Итак, нет никаких причин для обвинений, возведенных на меня некоторыми
неучами, — что я якобы не написал ни одного морального рассказа или, вернее,
рассказа с моралью. Не этим критикам выводить меня на чистую воду, не им
читать мне мораль, — впрочем, тут я умолкаю. Пройдет совсем немного времени,
и «Североамериканское трехмесячное обозление» {15*} заставит их устыдиться
собственной глупости. Тем временем, чтоб избежать расправы — чтоб смягчить
выставленные против меня обвинения — я предлагаю вниманию публики
нижеследующую печальную историю, историю, мораль которой совершенно ясна и
несомненна, ибо всякий, кто только захочет, может узреть ее в заглавии,
напечатанном крупными буквами. Прошу воздать мне должное за этот прием,
гораздо более остроумный, чем у Лафонтена и всех прочих, что приберегают
нравоучение до самой последней минуты, а потом подсовывают его вам в конце,
словно изжеванный окурок.
Defuncti injuria ne afficiantur {Правонарушение мертвого неподсудно
(лат.).} — таков был закон двенадцати таблиц {16*}, а De mortuis nil nisi
bonum {О мертвых ничего, кроме хорошего {17*} (лат.).} — тоже прекрасное
изречение, хоть покойный, о котором идет здесь речь, возможно, всего лишь
покойный старый диван. Вот почему я далек от мысли поносить моего почившего
друга, Тоби Накойчерта. Жизнь у него, правда, была собачья, да и умер он,
как собака {18*}; но он не несет вины за свои грехи. Они были следствием
некоторого врожденного недостатка его матери. Когда он был еще младенцем,
она порола его на совесть: выполнять свой долг всегда доставляло ей
величайшее наслаждение — на то она и была натурой рационалистической, а дети
— что твои свиные отбивные или нынешние оливы из Греции — чем больше их
бьешь, тем лучше они становятся. Но — бедная женщина! — на свое несчастье
она была левшой, а детей лучше вовсе не пороть, чем пороть слева. Мир
вертится справа налево, и если пороть дитя слева направо, ничего хорошего из
этого не выйдет. Каждый удар в нужном направлении выколачивает из дитяти
дурные наклонности, а отсюда следует, что порка в противоположном
направлении, наоборот, вколачивает в него определенную порцию зла. Я часто
присутствовал при этих экзекуциях и уже по тому, как Тоби при этом брыкался,
понимал, что с каждым разом он становится все неисправимее. Наконец, сквозь
слезы, стоявшие в моих глазах, я узрел, что он отпетый негодяй, и однажды,
когда его отхлестали по щекам так, что он совсем почернел с лица и вполне
сошел бы за маленького африканца, я не выдержал, пал тут же на колени и
зычным голосом предрек ему скорую погибель.
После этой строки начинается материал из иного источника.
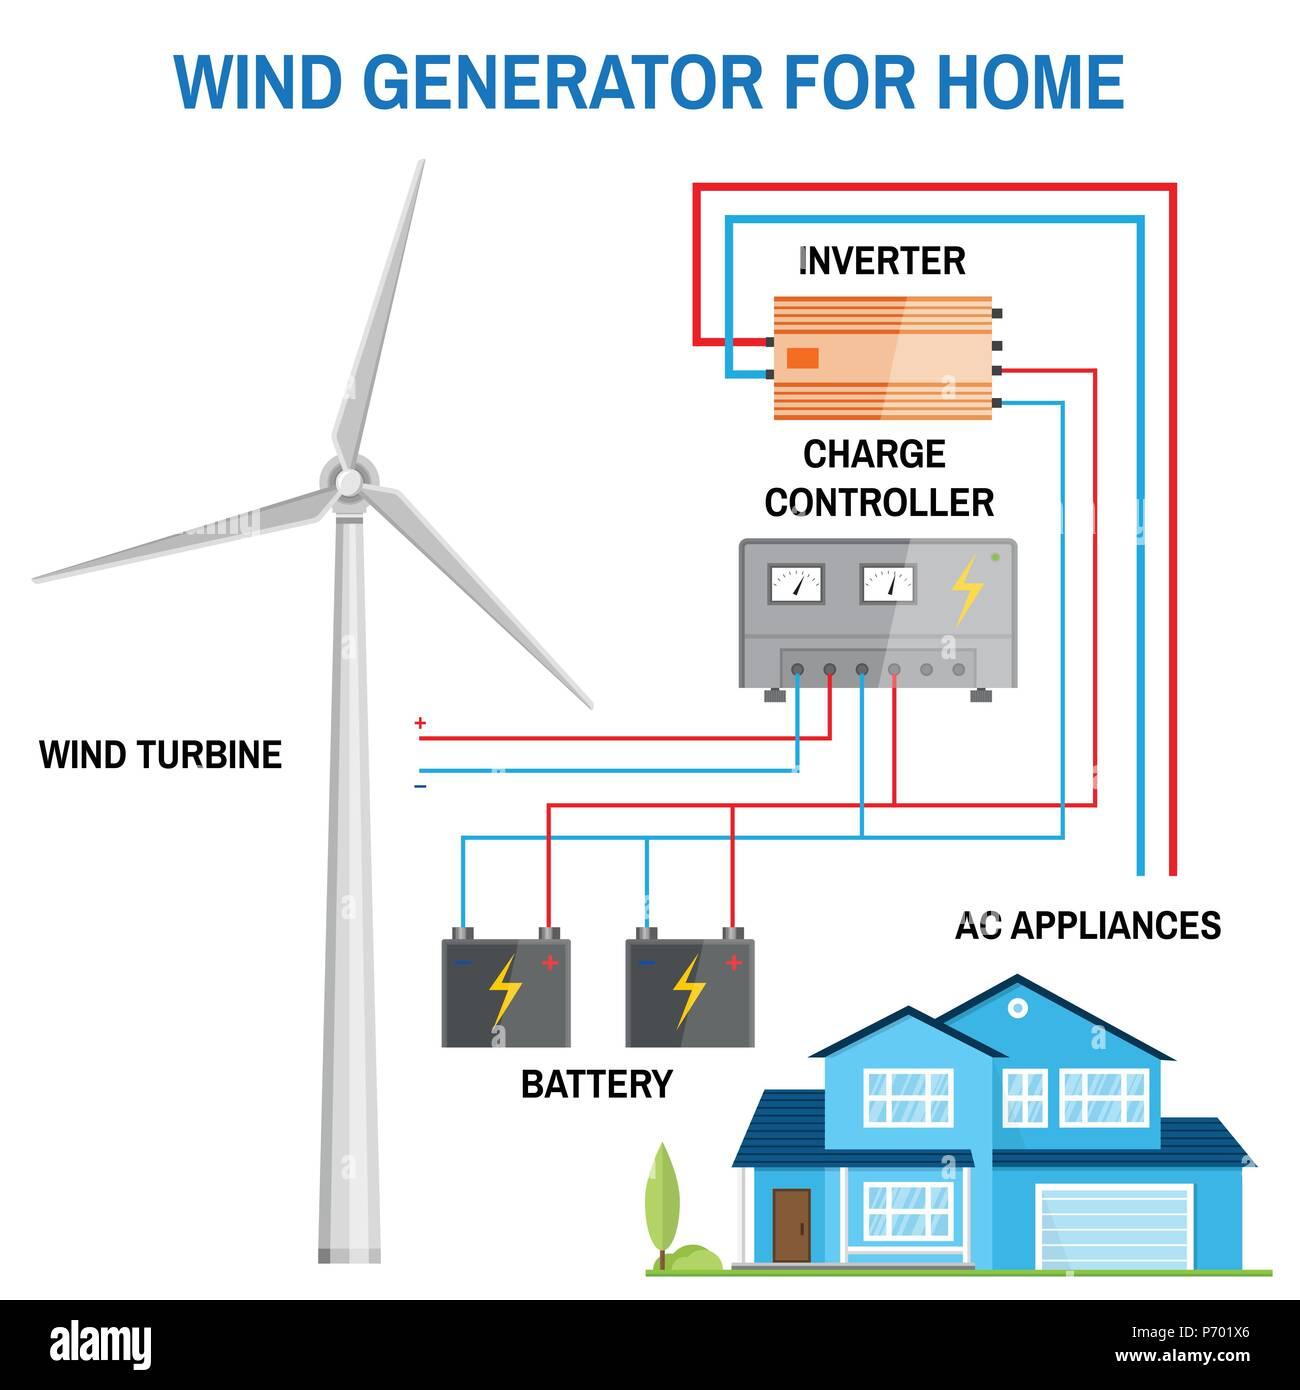 Wiring Diagram For Heater Element Also 480v Generator Wiring Diagram

Сказать по правде, он так рано вступил на стезю порока, что просто диву
даешься. Пяти месяцев от роду он нередко приходил в такую ярость, что не мог
выговорить ни слова. В шесть я поймал его на том, что он жует колоду карт. В
семь он только и делал, что тискал младенцев женского пола. В восемь он
наотрез отказался подписать обет трезвости. И так из месяца в месяц он все
дальше продвигался по этой стезе; а когда ему исполнился год, он не только
отрастил себе усы и ни за что не желал их сбрить, но и приобрел недостойную
джентльмена привычку ругаться, божиться и биться об заклад. Это его в конце
концов и погубило, как, впрочем, я и предсказывал. Склонность эта «росла и
крепла вместе с ним» {19*}, так что, возмужав, он что ни слово, предлагал
биться с ним об заклад. Нести что-нибудь в заклад он и не думал — о нет! Не
такой он был человек, надо отдать ему должное, — да он скорее стал бы нести
яйца! Это была просто форма, фигура речи — не более. Подобные предложения в
его устах не имели решительно никакого смысла. Это были простые, хоть и не
всегда невинные, присказки — риторические приемы для закругления фразы.
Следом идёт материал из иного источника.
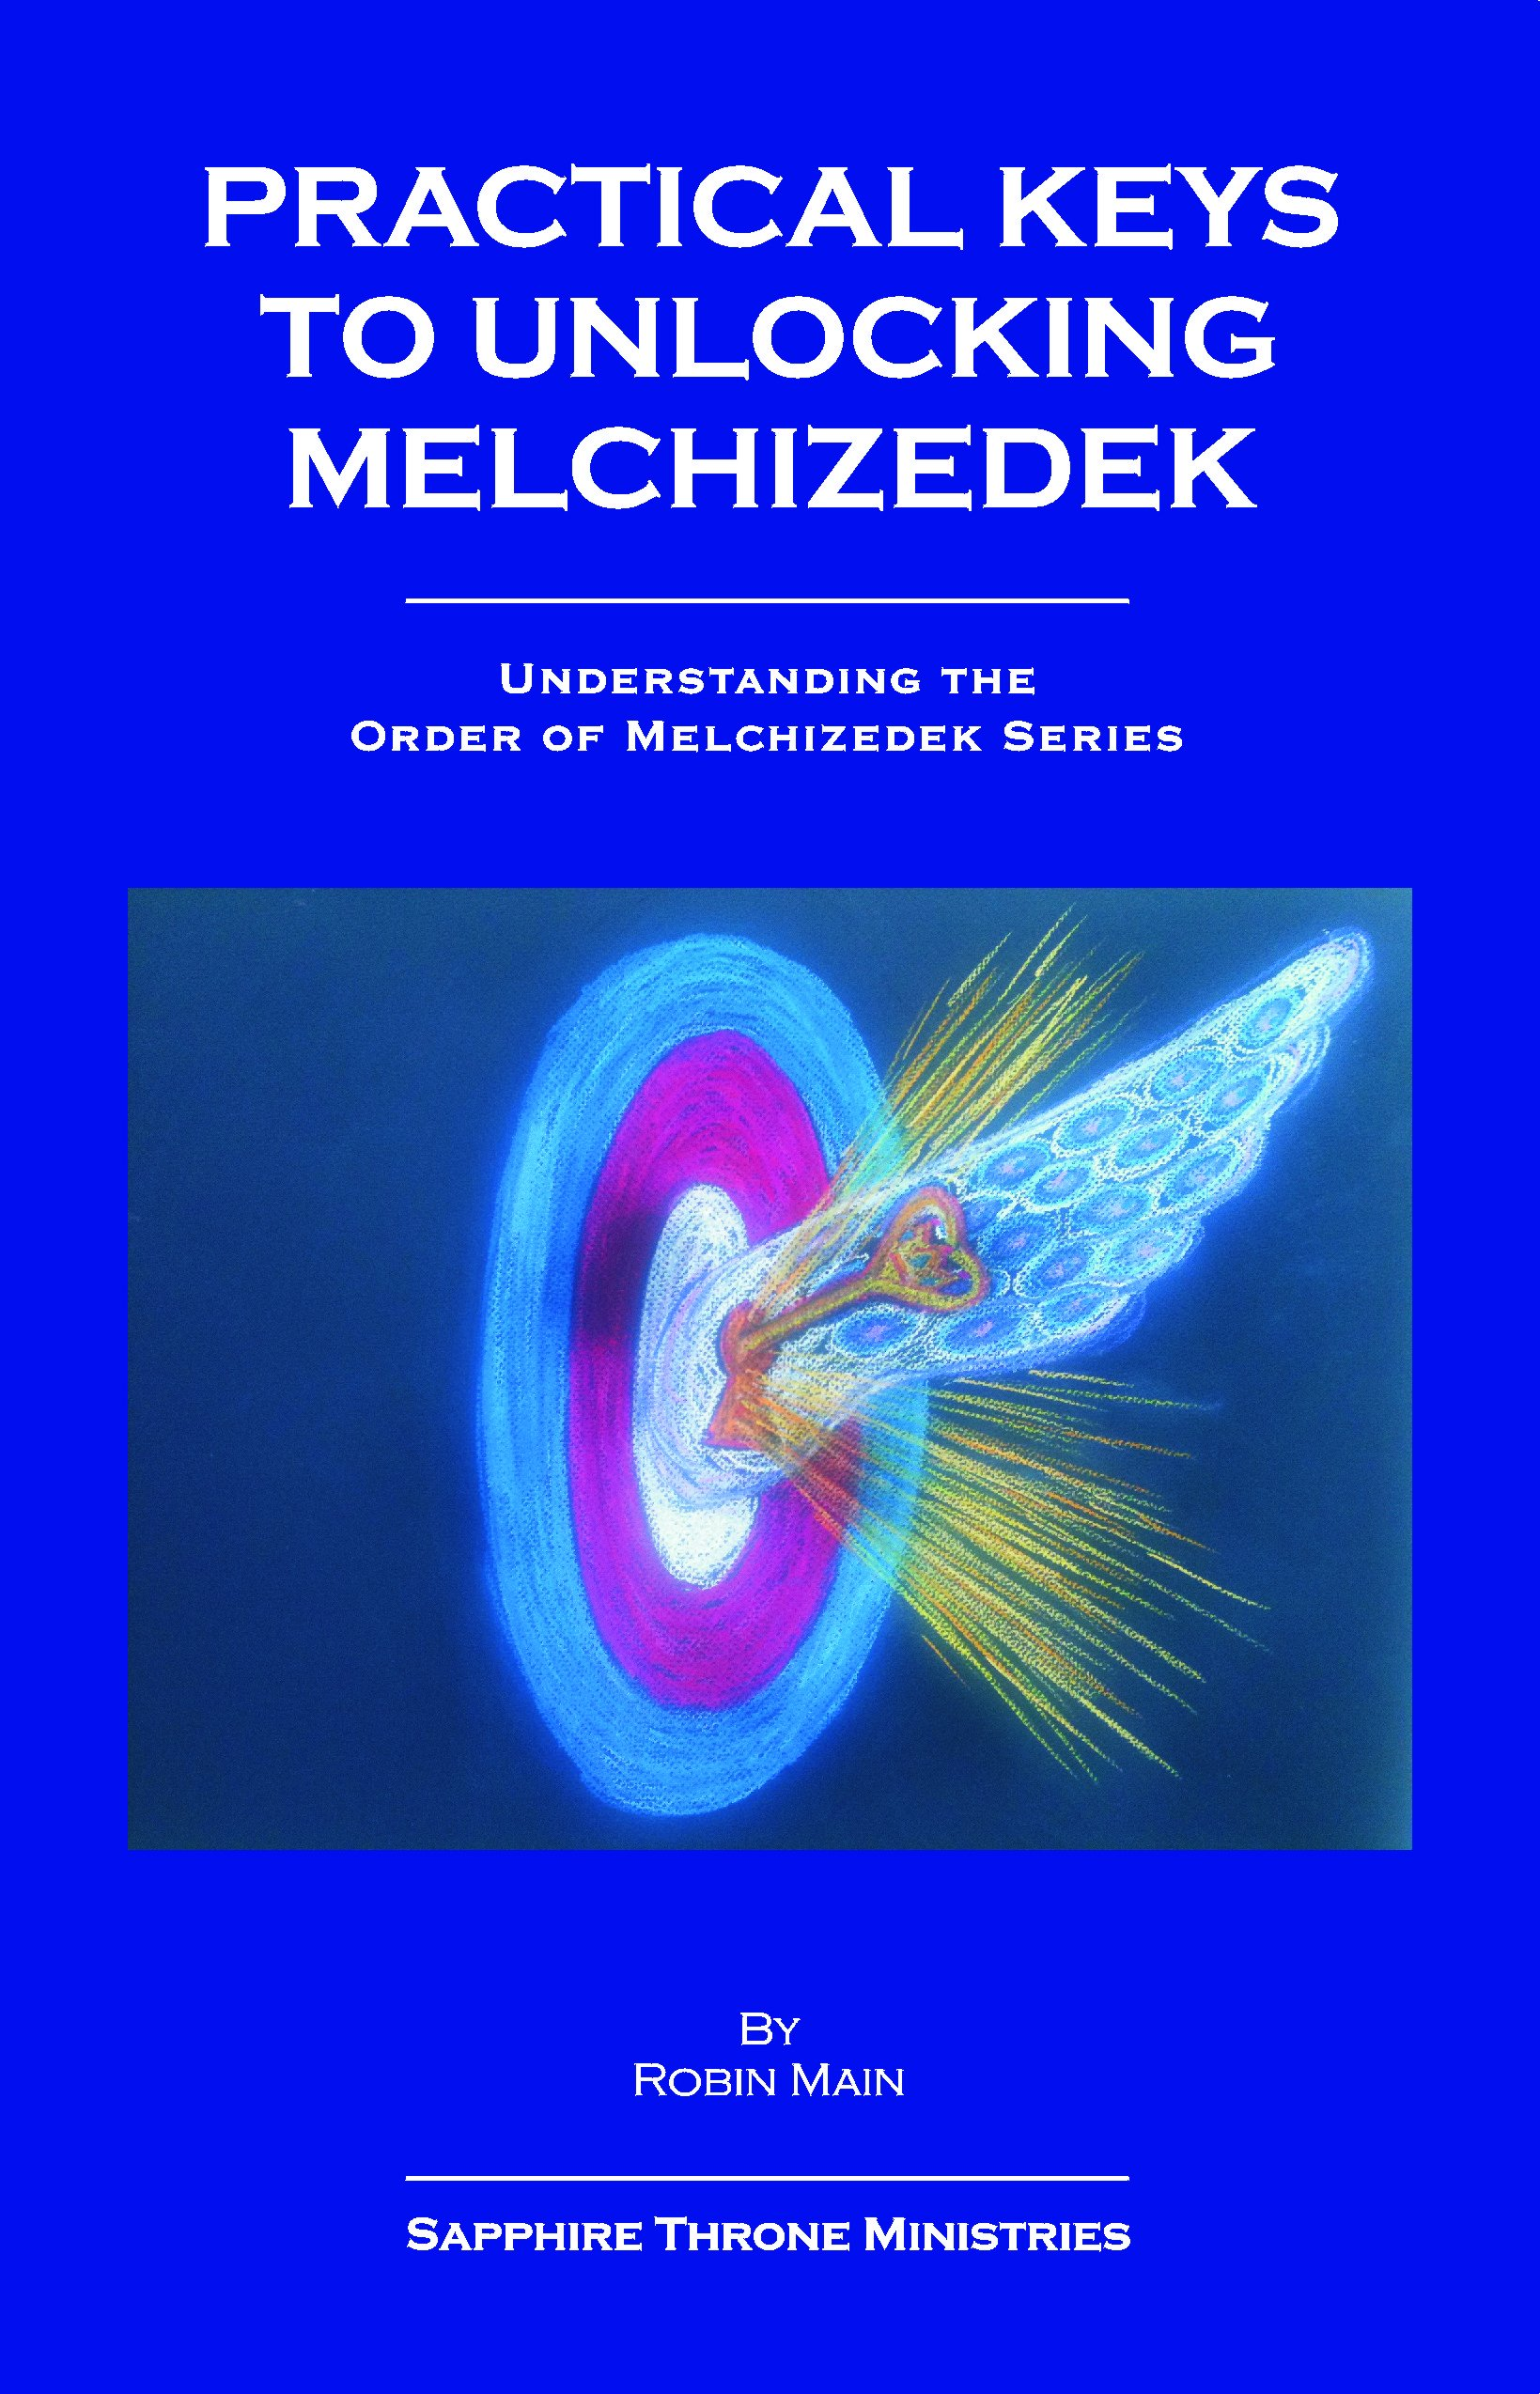 Practical Keys to Unlocking Melchizedek (Understanding the Order of

Когда он говорил: «Готов прозакладывать тебе то-то и то-то», — никто никогда
не принимал его всерьез, и все же я счел своим долгом вмешаться. Привычка
эта безнравственна — так я ему и сказал. Вульгарна — в этом он может
положиться на меня. Общество ее порицает — это чистейшая правда. Она
запрещена специальным актом Конгресса — не стану же я ему лгать. Я
уговаривал — бесполезно. Я выговаривал — тщетно. Я просил — он скалил зубы.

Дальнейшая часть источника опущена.